面と向かっては控えているようであるが百姓をして出稼ぎで生計を立てる庄衛のたちを蔑んでいるようでもあった。

ただ善吉に向かってはそれなりの学歴も知られており一目置く様子が窺いしれた。

バルコニーの材木を調達するために弥太郎の家に行くと弥太郎がわざわざ直接に対応してくれるのは珍しいことであった。
それは弥太郎が善吉を特別扱いしている証でもあった。

度々弥太郎と打ち合わせをするうちにいろいろと話をするようになった。
時には打ち合わせの後、薦められて飲み交わすこともあった。

庄衛は初めは気にする素振りも見せなかったが、日が経つうちにそれは庄衛にとっては心穏やかなことではなくなってきた。

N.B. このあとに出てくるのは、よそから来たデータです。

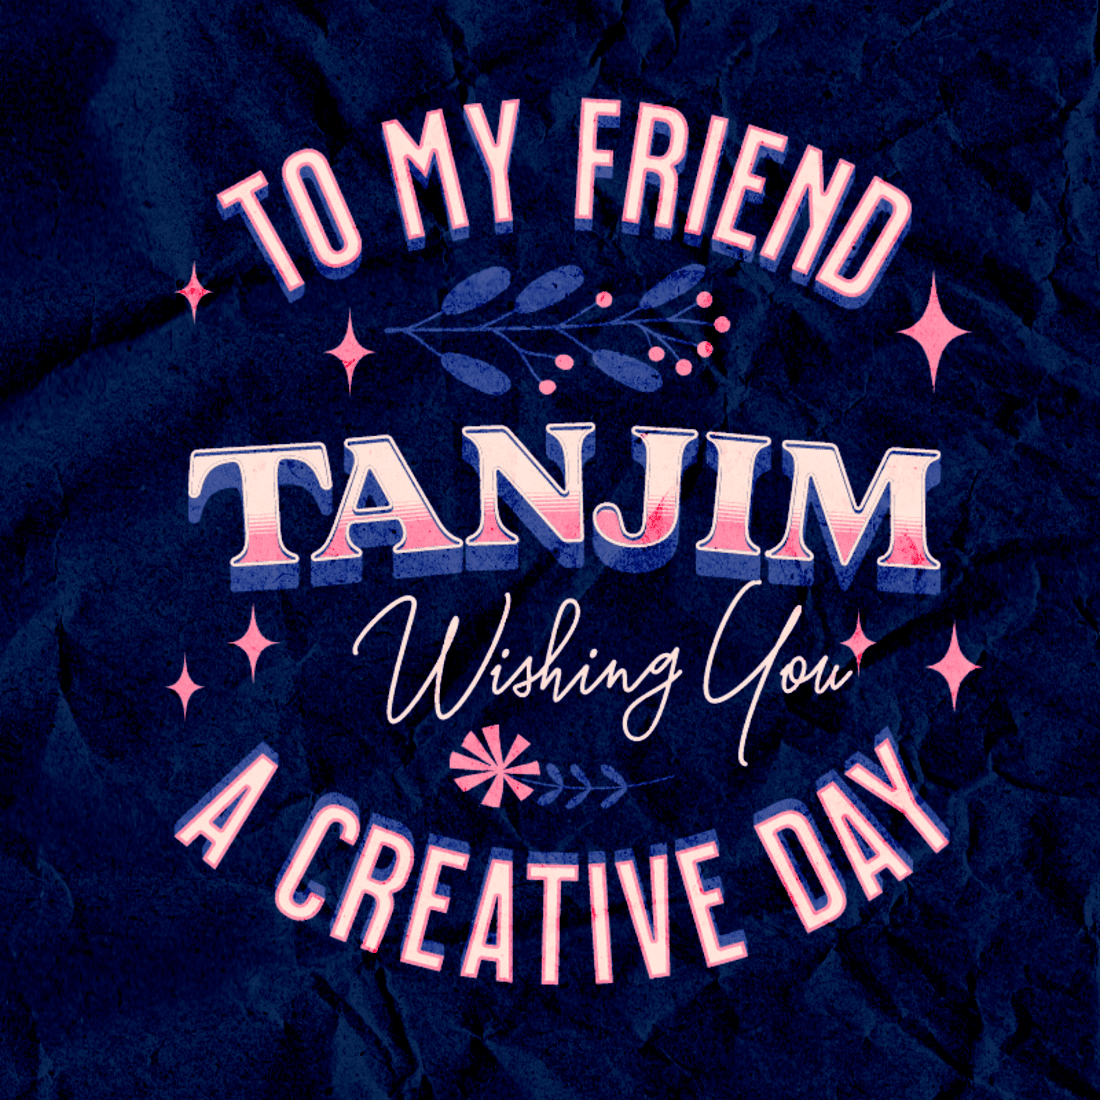 7 T-Shirt Designs For Women, creative day greetings.
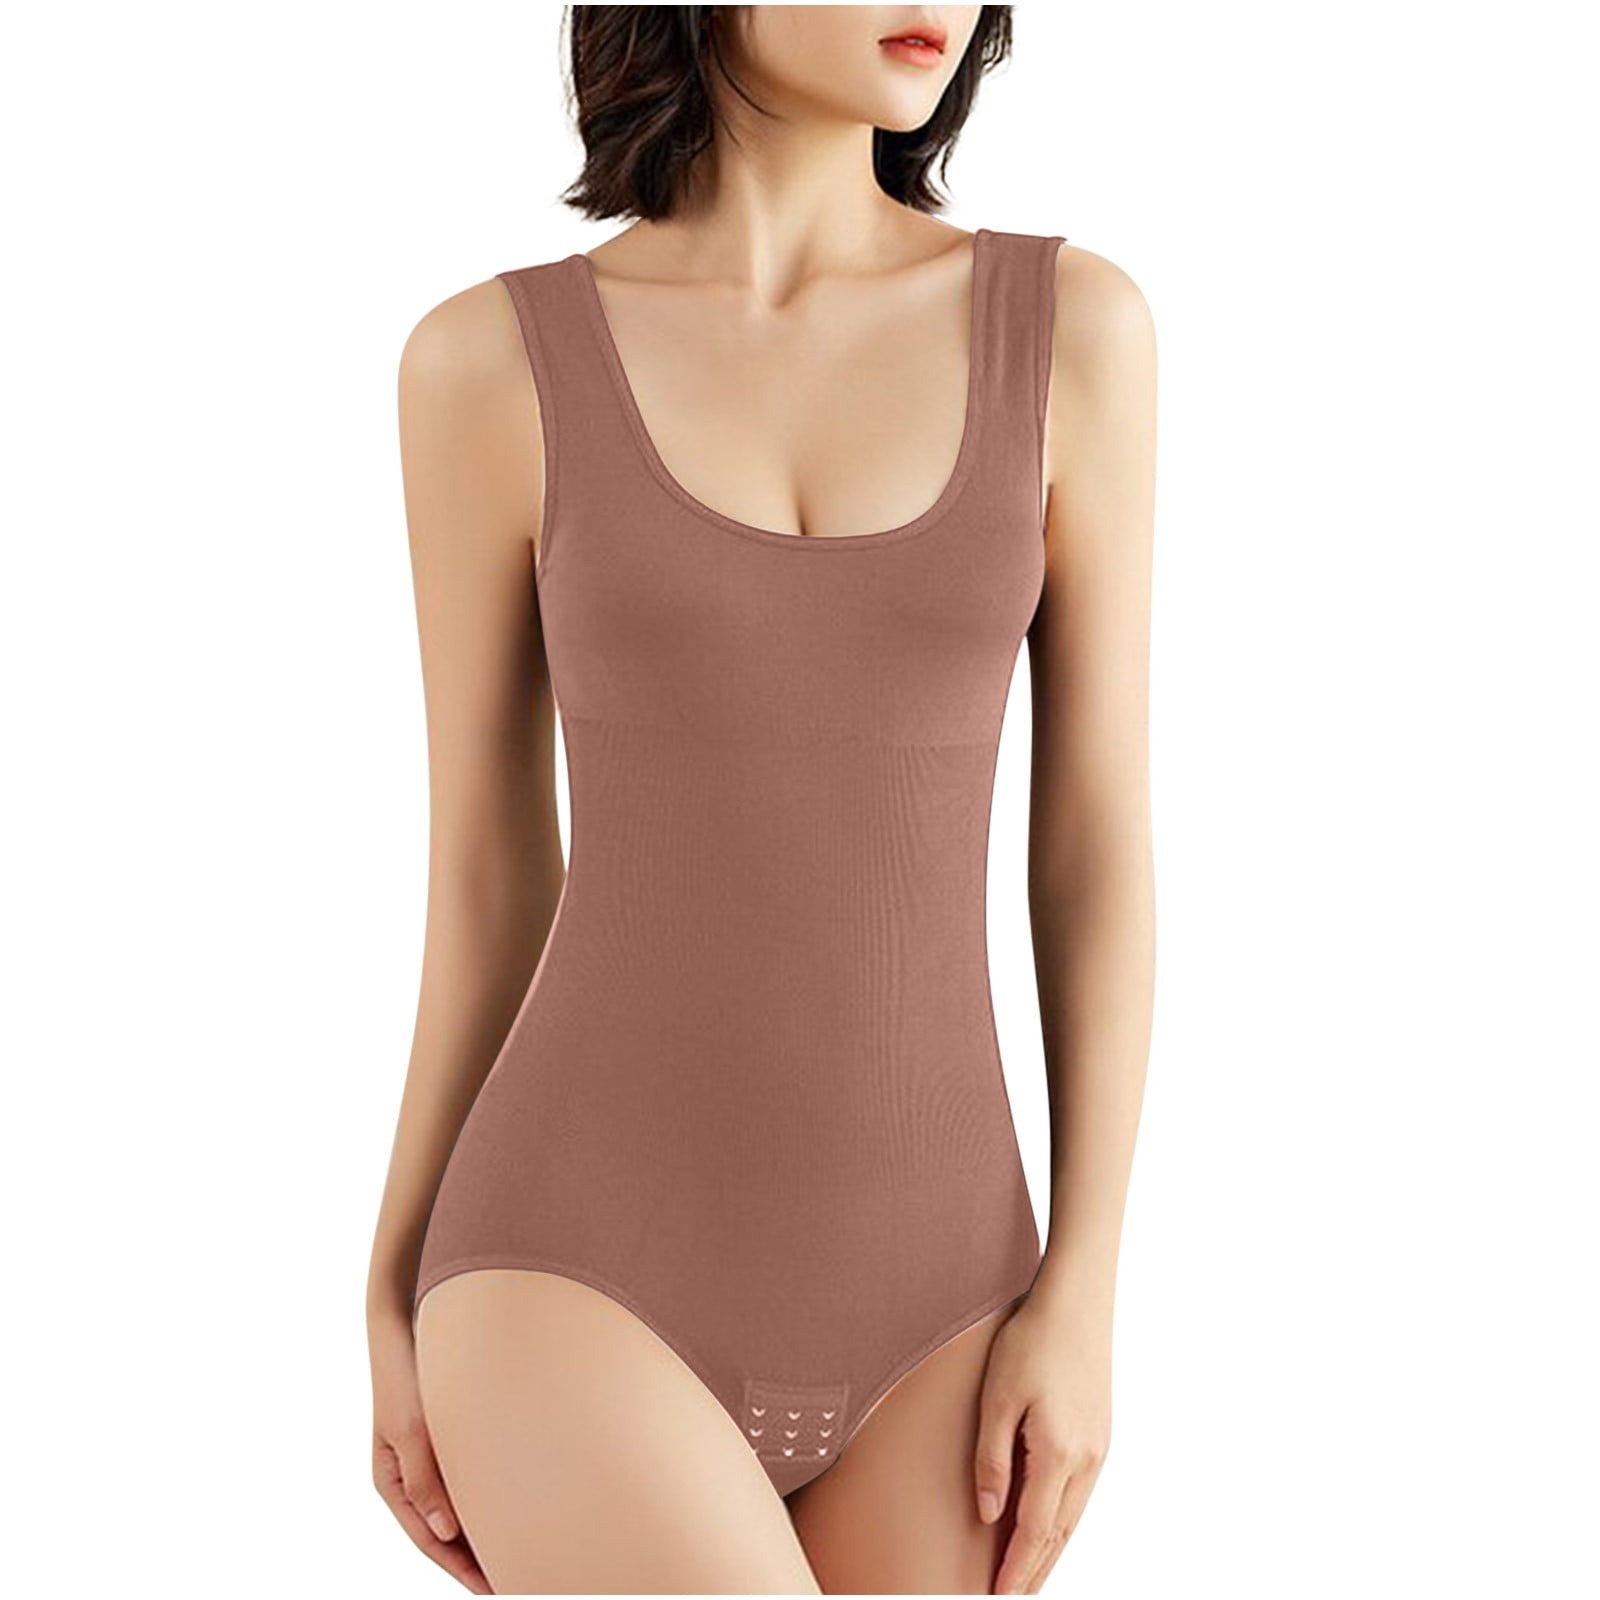 Aueoeo Shapewear for Women, Body Suits Women Clothing Long Sleeve

あるとき、庄衛が風呂に入っているとき善吉に声を掛ける。
「善吉、悪いが着替えを取ってきてくれ」
「はい、今持っていきます」
善吉は脱衣所に庄衛のふんどしと浴衣と帯を持って行く。
すると庄衛はもう風呂から上がるところであった。
庄衛は素っ裸で善吉に向かって肌着を受け取る。
善吉は庄衛の素っ裸をこれ見よがしに見せられると戸惑った。
思わず肌着を手渡して踵を返して戻る。
ある時は、風呂の中から声を掛ける。
珍しいことである。
今までは石鹸がないときくらいしか呼ばれない。
それも持って行くのは美代か幸代であった。

「善吉、悪いが背中を流してくれんか」
旅行に行ったときに浴場で背中を流すことは普通にあったが家での経験はなかった。
善吉は嬉しかった。

庄衛が本当に裸になってくれている。
それだけ心を許してくれている。
あらためてうれしさを噛みしめる。

背中を流す。
腕は黒く日に焼けているが背中からお尻にかけての庄衛の肌はきれいであった。
歳相応の魅力が感じられて善吉は昂ぶりを感じる。
腰かけた脚はその中心を想像させて魅惑的であった。

背中を流し終わると庄衛は意外なことを言う。
「よかったら、前も洗ってくれるか」

「えっ、とうさん、前も・・」
庄衛には見られたくなかった。
善吉の股間は痛いほどに固くなっていた。

「前は、自分で洗えるでしょう・・・・」
「うん、そうだな・・」
善吉が同意しない以上は重ねては口に出せることではなかった。
庄衛は仕方なく相槌をうつ。

善吉は背中に湯をかけて流し終わると外に出る。

それから数日した時のことである。
庄衛は突然行先も告げす旅行に行くと書置きを残して出て行った。

(最近疲れたから、ちょっと休みを兼ねて旅行に行ってくる。二三日したら帰るから)

初めての事である、家族は驚いた。

美代が言う。
「こんなことは始めてよ、父さんはどうしたんのかしら、心配だわ」
幸代も同じようなことを言う。

「最近、お義父さんは疲れてたみたいだったし、ゆっくりしたいのでしょ」
「今日はそってして置きましょう、電話でもかかってくるでしょう」
善吉も親中穏やかでなかったが気休めを二人に言う。

その日は電話もなく、家族は寝付かれない夜を過ごした。

「お父さんは、私より善吉さんの方が好きみたいだから、善吉さんに何か言わなかった?」
幸代が言うと、美代も同じようなことを言う。
「そう、そう、父さんは善吉さんが一番みたいですよ、善吉さん心当たりないの?」

「ぼくは後から入った人間ですから、お義父さんは気を使ってるんですよ」
「にしても、何も心当たりはありませんよ」
善吉は考えた、庄衛はどこに行ったのだろう?

ひょっとして以前温泉に家族で旅行したことがあった。
あそこかもしれない・・・。
「ぼくに、ちょっと心当たりが・・ひょっとしたらですけど・・」
「今夜も連絡がなかったら明日行ってみます」

善吉は思い出していた。
以前、温泉に旅行して庄衛と二人部屋で過ごした時のことを。

その夜も庄衛からの連絡はなかった。
翌朝、善吉は宮城県の鳴子温泉に向かった。
そこの以前泊まった旅館を訪ねてみることにした。

その旅館に着いたのはもう夕方であった。